_The task_
Only the pictures are to be dropped; return all other data below exactly.

_Raw data_

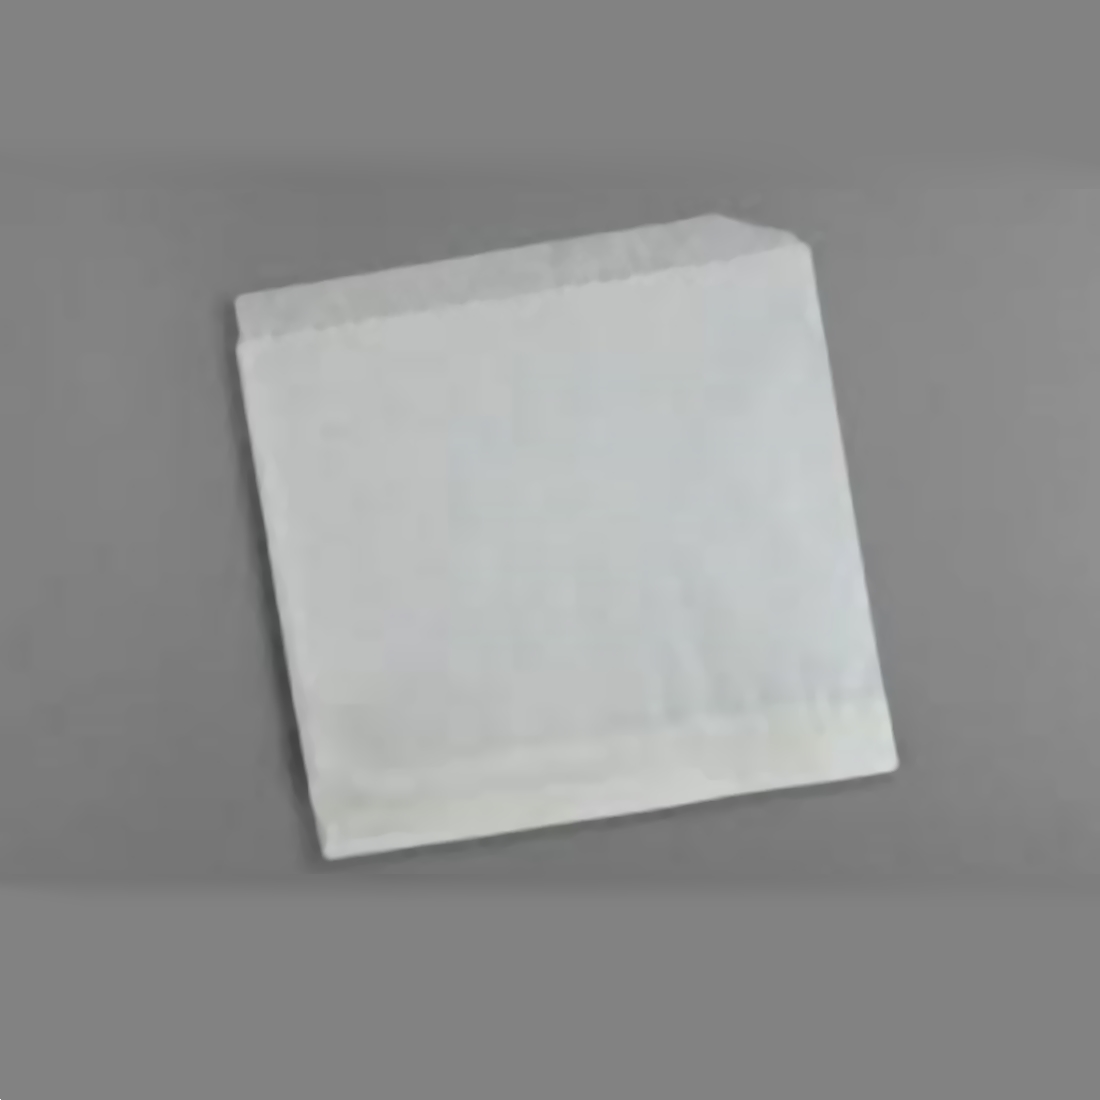 7x6.5 GREASE RESIST SANDWICH
BAG WHITE BAG DOUBLE OPENING
1000/BX

_Written response_
 7x6.5 GREASE RESIST SANDWICH
BAG WHITE BAG DOUBLE OPENING
1000/BX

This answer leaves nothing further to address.